# YOUR INSTRUCTIONS:
A word-for-word copy of the line containing "10.75ʺW × 6ʺD × 6.5ʺH" and every following line to the end of the data below is all the answer should hold.

····················

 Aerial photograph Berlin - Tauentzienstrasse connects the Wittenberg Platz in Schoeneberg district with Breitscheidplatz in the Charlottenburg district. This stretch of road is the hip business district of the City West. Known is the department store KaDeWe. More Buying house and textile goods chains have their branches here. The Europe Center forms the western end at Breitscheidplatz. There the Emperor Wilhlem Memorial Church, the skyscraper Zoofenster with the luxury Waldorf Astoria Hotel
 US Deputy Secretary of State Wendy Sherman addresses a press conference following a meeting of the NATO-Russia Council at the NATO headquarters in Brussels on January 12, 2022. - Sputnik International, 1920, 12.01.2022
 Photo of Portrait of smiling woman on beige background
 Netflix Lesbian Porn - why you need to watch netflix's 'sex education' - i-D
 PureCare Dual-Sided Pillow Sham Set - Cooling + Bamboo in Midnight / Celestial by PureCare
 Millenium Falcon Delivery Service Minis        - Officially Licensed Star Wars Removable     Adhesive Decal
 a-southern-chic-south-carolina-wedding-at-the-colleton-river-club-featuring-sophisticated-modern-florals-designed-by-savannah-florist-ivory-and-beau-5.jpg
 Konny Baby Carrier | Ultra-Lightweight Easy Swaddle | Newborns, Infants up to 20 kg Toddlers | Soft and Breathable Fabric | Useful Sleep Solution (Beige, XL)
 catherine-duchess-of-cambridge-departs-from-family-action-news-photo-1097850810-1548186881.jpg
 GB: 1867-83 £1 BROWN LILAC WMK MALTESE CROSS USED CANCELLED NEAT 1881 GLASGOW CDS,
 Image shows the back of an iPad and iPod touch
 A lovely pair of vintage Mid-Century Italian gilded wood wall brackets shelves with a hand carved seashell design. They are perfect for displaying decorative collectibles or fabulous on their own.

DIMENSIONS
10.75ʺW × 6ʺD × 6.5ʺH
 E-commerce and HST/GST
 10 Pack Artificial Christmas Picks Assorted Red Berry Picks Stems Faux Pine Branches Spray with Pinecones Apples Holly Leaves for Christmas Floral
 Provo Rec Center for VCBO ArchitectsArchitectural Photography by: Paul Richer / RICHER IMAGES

····················

# WRITTEN SOLUTION:
10.75ʺW × 6ʺD × 6.5ʺH
 E-commerce and HST/GST
 10 Pack Artificial Christmas Picks Assorted Red Berry Picks Stems Faux Pine Branches Spray with Pinecones Apples Holly Leaves for Christmas Floral
 Provo Rec Center for VCBO ArchitectsArchitectural Photography by: Paul Richer / RICHER IMAGES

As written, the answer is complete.